There is show. There is flair. There is hype. And in the middle of it all, a little coffee-stained, greasy-hand, slightly myopic man with a paunch. Just going along his own way, building things that last.

Perhaps that was Google's intention. If that's the case then well, all I can say is that they're doing it right.

For me at least. *sigh*...

Sunday, June 21, 2009

In My Day, In My Sky

*old geezer voice*

In my day, we dinna haf all dis fhancy smhancy 'graphiks' no we didn't! We had books, and our brains w're dee displays screens, and if yer couldn't lookinta da clouds and see a elephatmougous you'ere in big truble me boy! Now if yer want to look at a creature wita thousan'flayi tentacles and a hundre'eyes you jus needa go to the neares'viddy shop and searh'up them japanese dirty-stuff! Nonsense! Why, back then'if we wants to hav disturbing and twisted fantaschees lik tat we hadz to PAY them gud money ta get drunk as an old-foxina chicken pen. An alcoholic chicken pen. And we hadz BOOKS too! Now'ish all abouts World of Whorecraft and havin's a gud's fling with a flat-piture onyer deskhtops...

*cough...wheeze*


Scuze'me. Now, as I was shayins, it all be with them pretty pichures nowadays, alls shiny and drawings. Last'times we made them piktures, madez'em wif our own two'ands, soaked the blood'f paints and the flesh of crayons. Oh how we toilsed in those days!
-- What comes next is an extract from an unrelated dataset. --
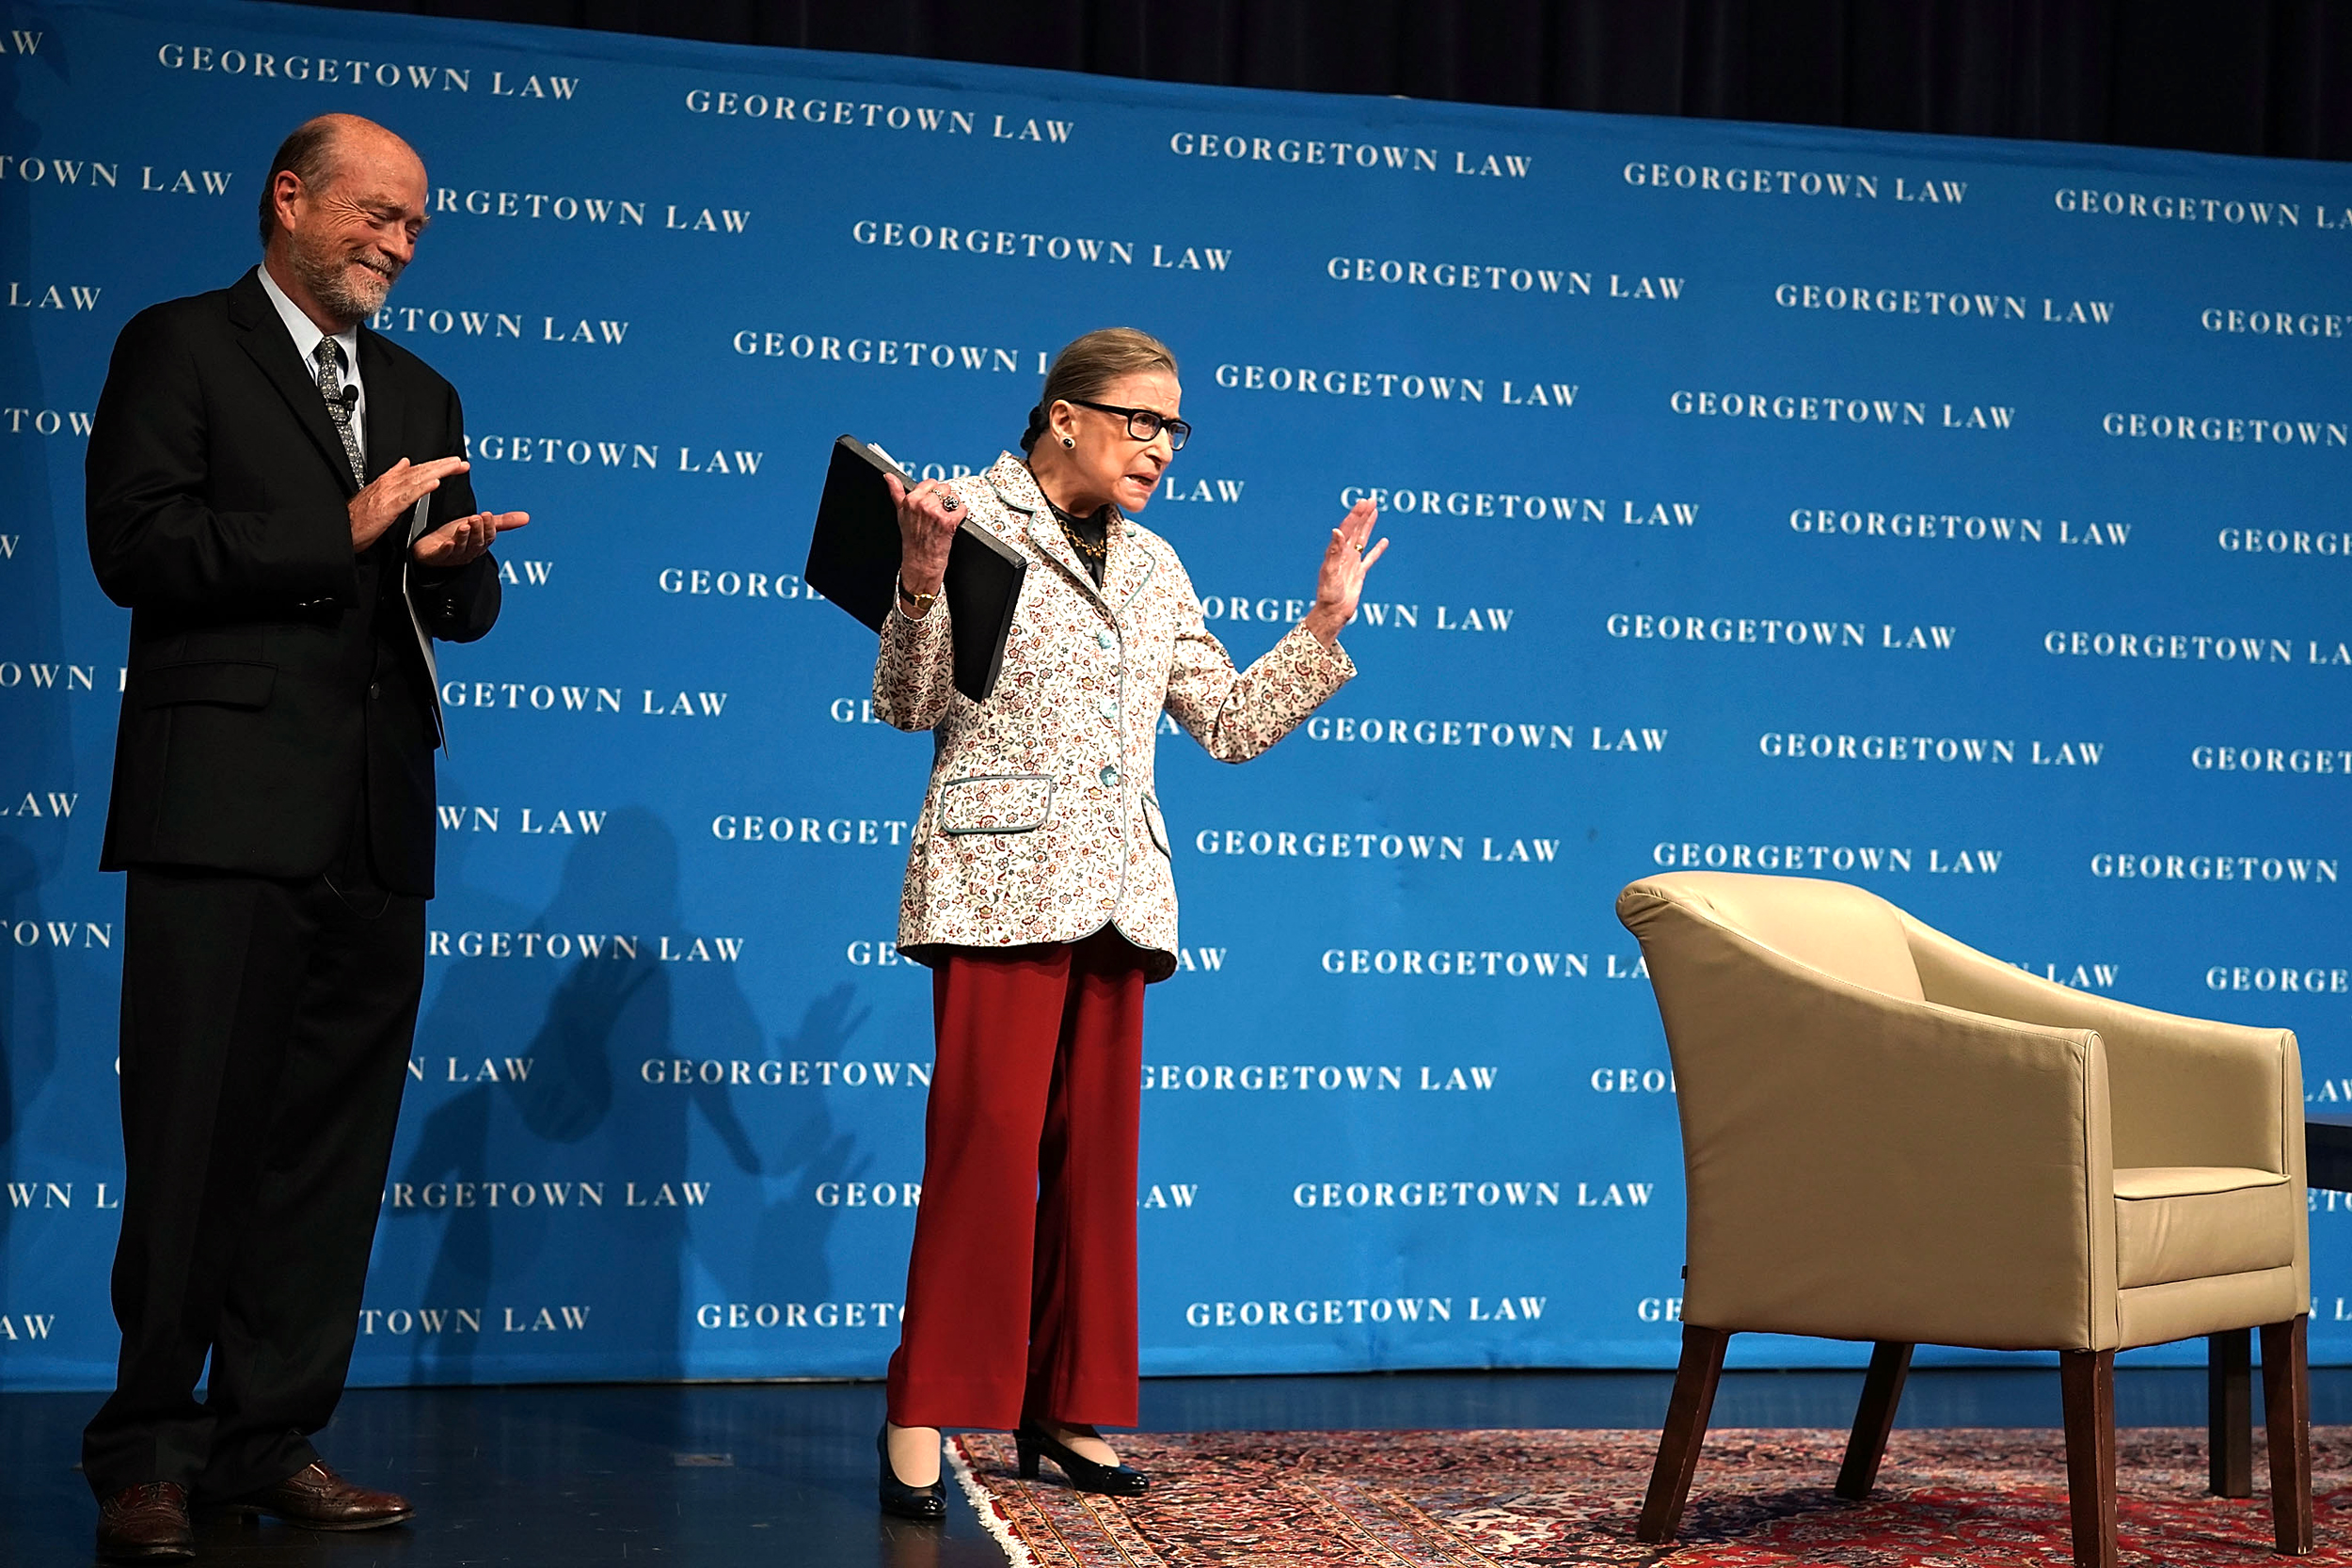 PHOTO: U.S. Supreme Court Justice Ruth Bader Ginsburg (R) waves to students as she arrives at a lecture on Sept. 26, 2018, at Georgetown University Law Center in Washington, D.C.

A flower'ana three'ana 'ouse covered in reddish tiles, wif them smoke that lookit lika cloud with them loohks lika elephatmougous...but nowsish all about lookin for the best'sm piks on shes winternet thingy, and prints them and sticks them on the walls.

*Gargle-SPIT*

And da stories, oh da stories. Me papa used'ta tuck me inna bed each night, as me mama poured a glass'o' them warm beer, none of that pussy milk stuff you drink now. Took me out lika light it did! Course, I wash'seven back then and it-be a 1-pint jug but ey? Hoosh complain? But anyways me paps would tells me a story everynights, filled ith all the proper gory bits and violence, with Mr Bear knocking the stuffing outta the evil Fluffy Octopuss! Oh...I couldn't sleeps with the excitments sumtimes, but then beers would knock me out soon after tats...but now all youz peoples can do be talk abouts them old stories and 'ow theys be horrible, or wondibibble, wif all them lit-tit-ture and bandwagons and stuff. Ands you has all these knew stories, whicha some freshed old stories with sparkles and fancy graphiks ontops! I sawhs the Little Red Riding Hood! Little kids made me watchits with them while the other shoved pastry inna me ears. Egads, a girl that thin wolda fallen ova the basket, the way she swings it like that! And those eyes! Me thinks da wolf o'eats her would gets swollen from all them bacteria in there, they been swollen liks that.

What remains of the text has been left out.